# Winery got a delivery!



## jswordy (Sep 27, 2013)

Well, the winery received a delivery of Nebraska crabapples this evening! Just got done prepping them and putting them in the feezer. Even got a Nebraska spider that hitched a ride. That's a long way to travel to meet the executioner!


----------



## WVMountaineerJack (Sep 27, 2013)

Whats the plan Sweetpea? We finally used our crab for cider this year, 100% crab juice, now I am trying to figure out what to dilute it with! Are those Dolgos? WVMJ


----------



## ckvchestnut (Sep 28, 2013)

Sorry to bud in on the thread guys. But I have a question about using all crabapples. We just processed our apples of different varieties as well as some of our crabs we usually blend about 4-5 apple varieties with 2 crab varieties. But we have had such a huge crop of crabs that I am wondering what we can do with the extras for a cider on straight crab apples. What do you dilute it with if anything? Do you add sugar due to its tartness? Any possible recipes?? Thanks  Carolyn


----------



## WVMountaineerJack (Sep 28, 2013)

I have only started this year with my own fruit having finally got the equipment. We did a 100% wild crab juice, TA was 1.8%, outrageous, I added caramelized honey, let it ferment, its outrageous still, going to have to cut it in half with just a plain mead as we want to taste that honey also. What kind of apples did you guys use in your blend? WVMJ


----------



## ckvchestnut (Sep 28, 2013)

Wow that was acidic! For the apple blend we have some native trees that have apples that are very similar to northern spy or a courtland type. They have a very nice sweetness with a bit of tartness. We also have a bunch of 5 in one trees that have golden delicious, red delicious, northern spy, and a few others can't remember now.
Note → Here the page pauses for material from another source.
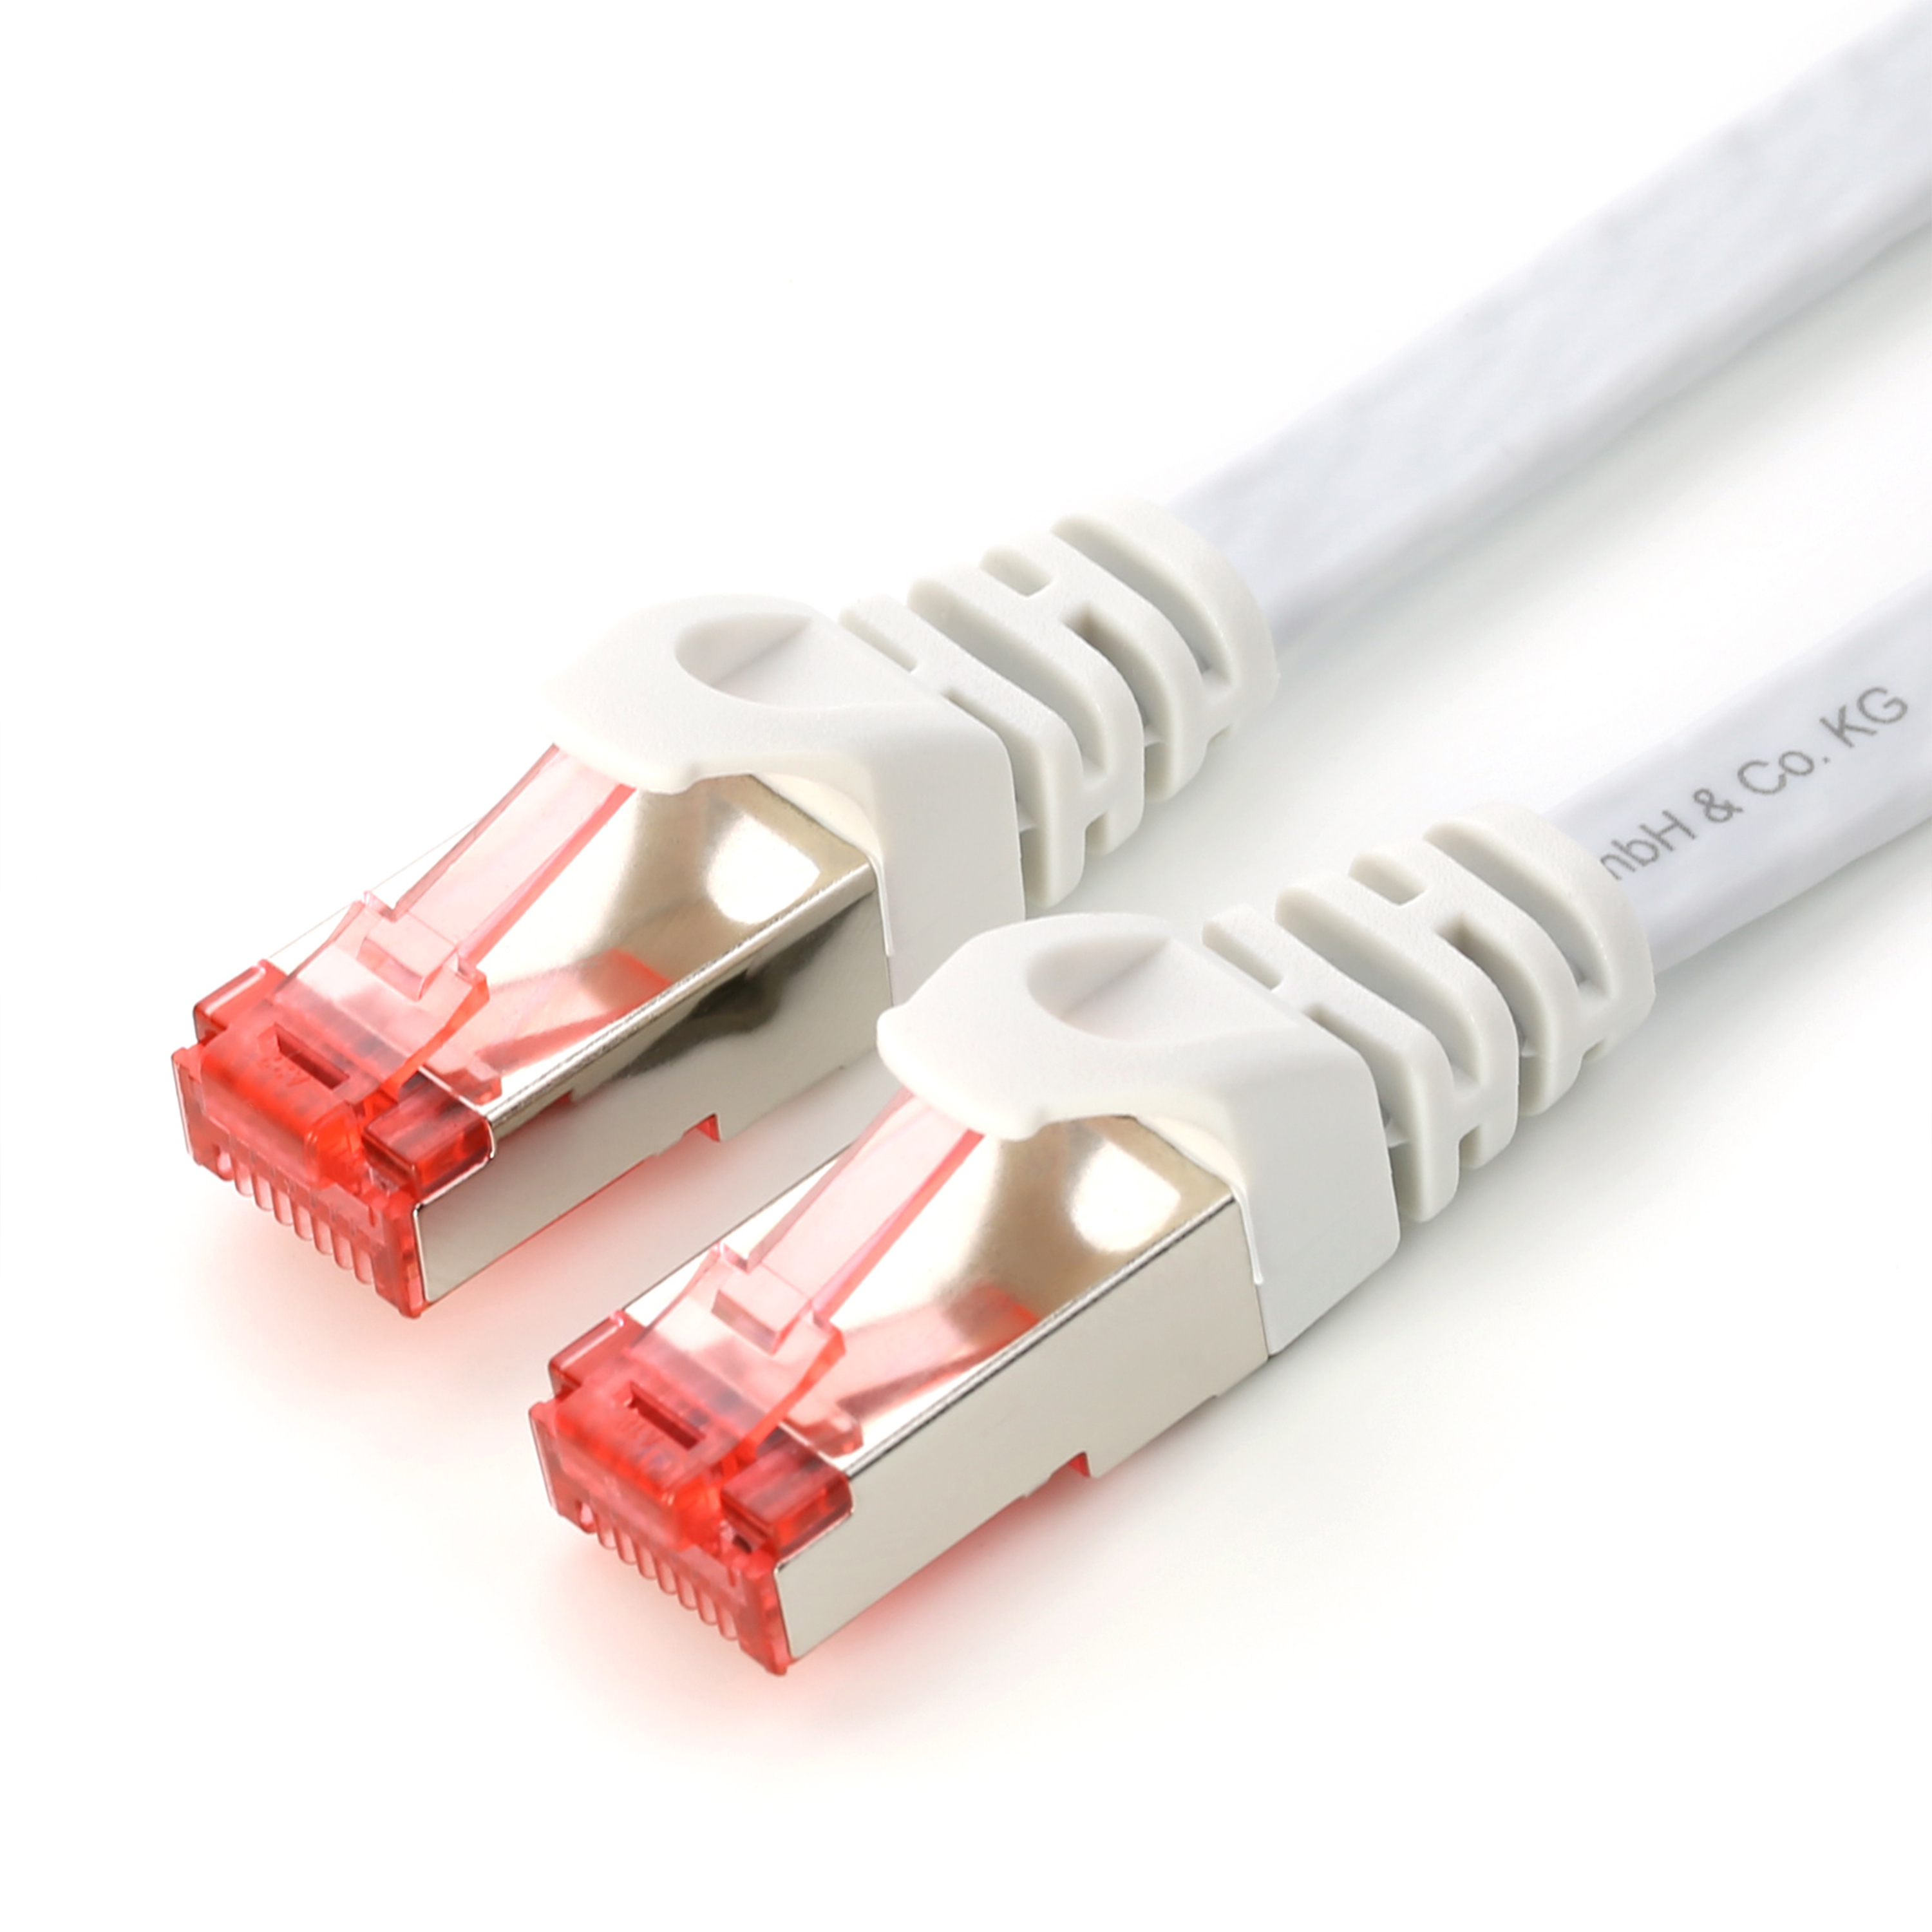 CSL 0,25m Kabel, LAN weiß weiß FTP Stecker, Flachband Patchkabel Cat7 weiß-roter
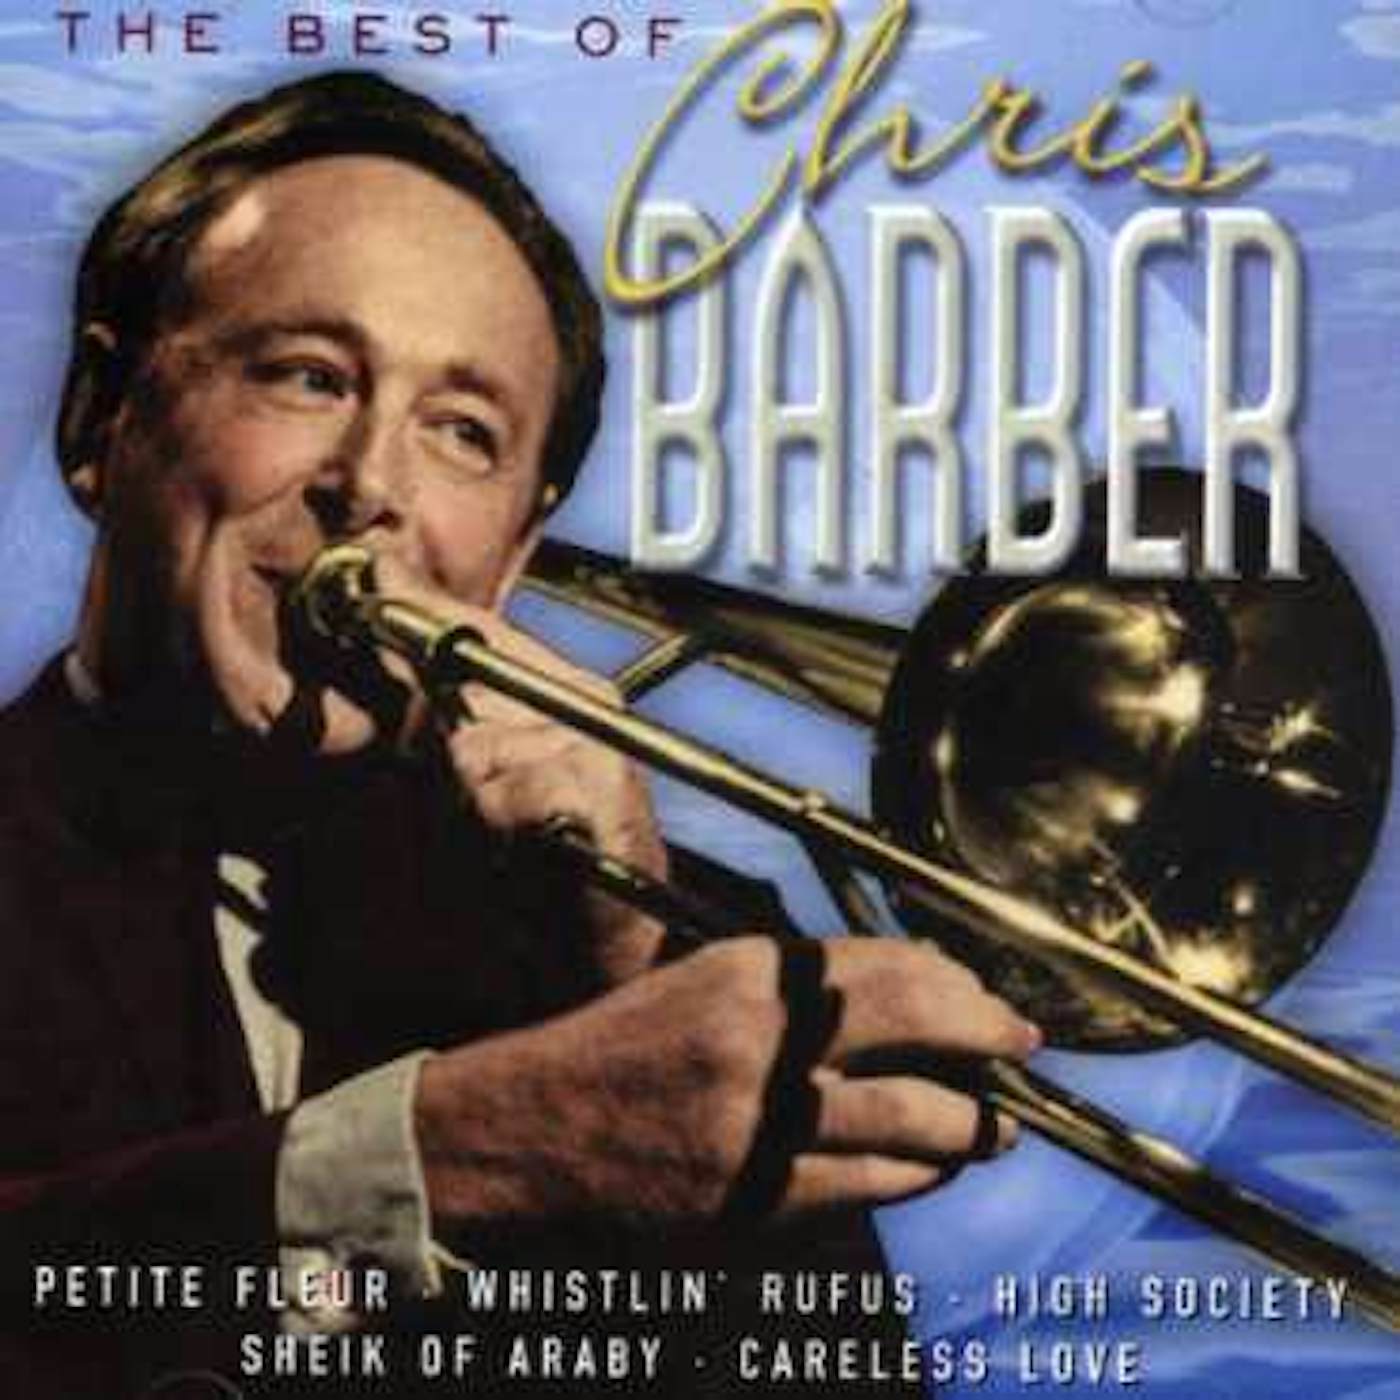 Chris Barber BEST OF CD

Granny Smith. For our crab apples I wish I knew what kind they were they have been standing here since we bought the place. One looks like miniature Macintosh apples with the distinctive green and red markings. The other looks like mini delicious sort of. Not as round, larger, red with gold steaks and sweeter. We skipped last year, but the year before I can say this blend made a perfect cider! No sugar or water added and it came out to what seemed a perfect sweetness and acid balance. We didn't have a ta kit then so I have no idea where it was on the scale.


----------



## ckvchestnut (Sep 28, 2013)

How much honey did you use and I'm guessing it wasn't enough? Could you blend it with normal apple cider? Boy this is going to be an adventure finding out how I can use all these crab apples and no I'm not making tons of crab apple jelly! Hey that's an idea... Maybe crabapple can be simmered with sugar to make a simple syrup?


----------



## ckvchestnut (Sep 28, 2013)

Ok last post I have to go pick concords. I found a recipe which uses straight crabapples and sugar and raisins I'm sure sultanas would be complementary... Here's the link: http://foragedfoods.co.uk/crab-apple-wine-recipe/


----------



## Hokapsig (Sep 28, 2013)

I ended up with 4 gallons of fermented crab juice which is clearing now. I also have 5 gallons of Apple wine and I am wondering if I should blend the apple to the crab apple? Niether are sweetened yet.


----------



## ckvchestnut (Sep 28, 2013)

Have you tasted both batches yet? If so, how does the crabapple taste compare to the apple? If it seems really sour you could blend it with your apple batch and then back sweeten to your tastes. Or you could keep them separate if the crabapple isn't too acidic to drink and just back sweeten each batch to your liking!


----------



## jswordy (Sep 28, 2013)

I'm going to make crabapple wine. It will use apple juice and the crabapples. I don't know what kind of crabapples they are, all I know is they are like I remember from home in Illinois. It's gonna need backsweetening.


----------



## ckvchestnut (Sep 28, 2013)

That sounds great! Maybe once you've gotten around to it you can post your recipe! I have 2 - 6 gallon pails of crabapples so far left over from my apple blend. There is still probably another 5-6 6 gallon pails to collect... Not sure how much I'll need yet...


----------



## jswordy (Sep 29, 2013)

It's *Arne*'s recipe. He sent me the crabapples. After drinking several of my wines, he apparently has so little faith in my winemaking skills that he sent me a recipe and also a bottle of his crabapple wine, so I would be able to get some idea of what the heck I am doing and know if I'd hit the mark or not. 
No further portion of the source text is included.